Approximation Error in NTK Models:
- In similar conditions as RF models ( $d^{\ell + \delta} \le N \le d^{\ell+1-\delta}$ ), NTK fits a degree- $(\ell+1)$ polynomial.
- Highlighting the potential for increased expressivity compared to RF under certain configurations, due to its Taylor expansion leveraging both layers of weights.
Generalization Error of Kernel Methods:
- Under conditions $d^{\ell + \delta} \le n \le d^{\ell+1-\delta}$ , Kernel Ridge Regression (KRR) using rotationally invariant kernels aligns exactly with the degree- $\ell$ polynomial fitting tasks.
- Importantly, even as $n$ grows, the function complexity captured remains bounded by the sample size, illuminating why kernel methods may fail to generalize beyond certain intrinsic dimensionality constraints.

Practical and Theoretical Implications

On the Performance of Linearizations:
- While neural networks boast universal approximation capabilities theoretically, linearizations (RF and NTK) are bound by polynomial approximations determined by $N$ .
- This delineation prompts critical evaluation of these methods in practice, as data modalities and neuron counts heavily dictate achievable performance.
Limitations and Capabilities:
- Both RF and NTK models outperform each other in different regimes, yet remain constrained for approximating non-polynomial functions — presenting a fundamental limitation vital for tasks requiring nuanced, high-complexity distributions.
Kernel Methods:
- The utility of kernel methods demonstrates clear constraints when applied to high-dimensional problems, elucidating why traditional non-parametric approaches may struggle in modern machine learning contexts, where data dimensionality is intrinsically high.

Future Directions

The results presented open several avenues for further exploration.

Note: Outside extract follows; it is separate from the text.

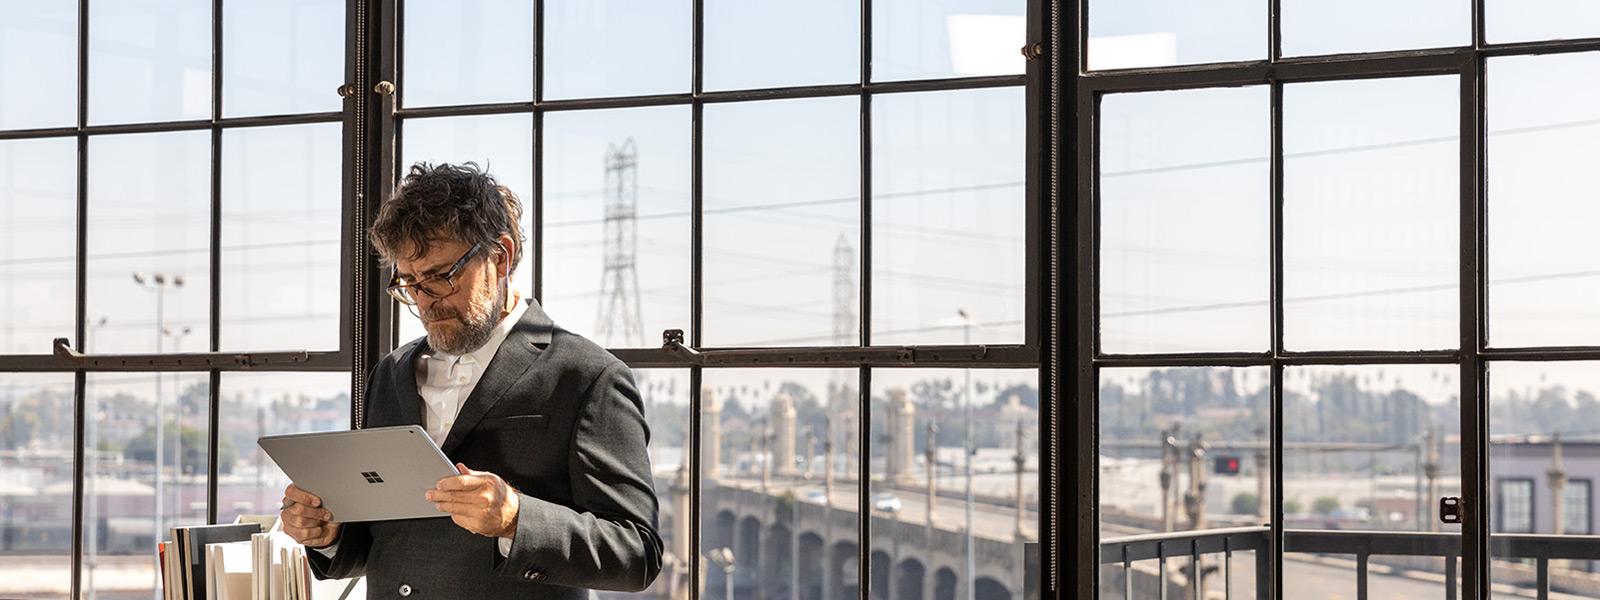 窓際に立ってタブレットモードで Surface Book 3 を見ている男性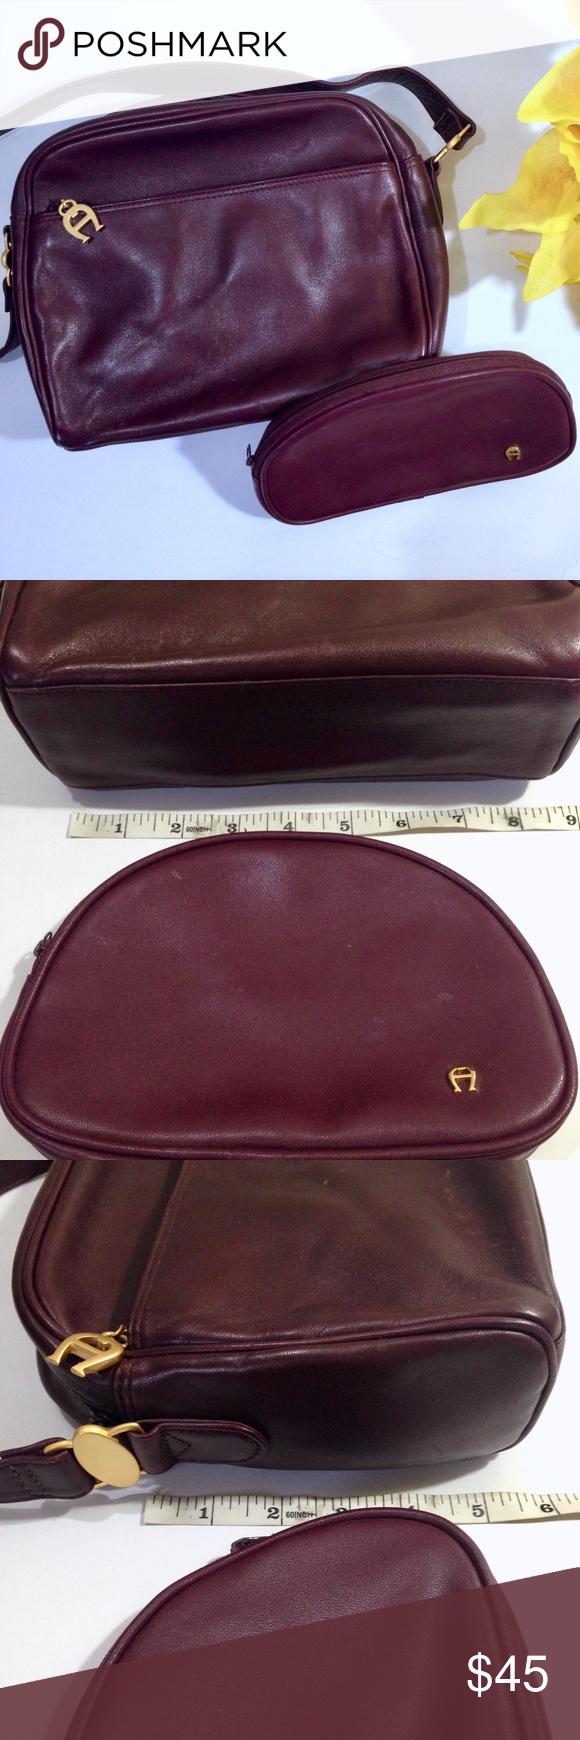 ETIENNE AIGNER Purple LEATHER Purse   Make-up Case 0d6dee25b7

Prominent among them is understanding the practical computation of these linear models in high dimensions while maintaining efficiency. Moreover, investigating the integration of neural architectures beyond simple two-layer constructs into NTK frameworks could yield insights into overcoming the polynomial limitation observed.

The work applies mathematical rigor to bridge gaps in linear approximations and their real-world limits, fostering a nuanced understanding of neural network behavior in the space of over-parameterized systems. As models evolve, these findings will remain a cornerstone in scrutinizing AI models’ underpinnings in theory and application.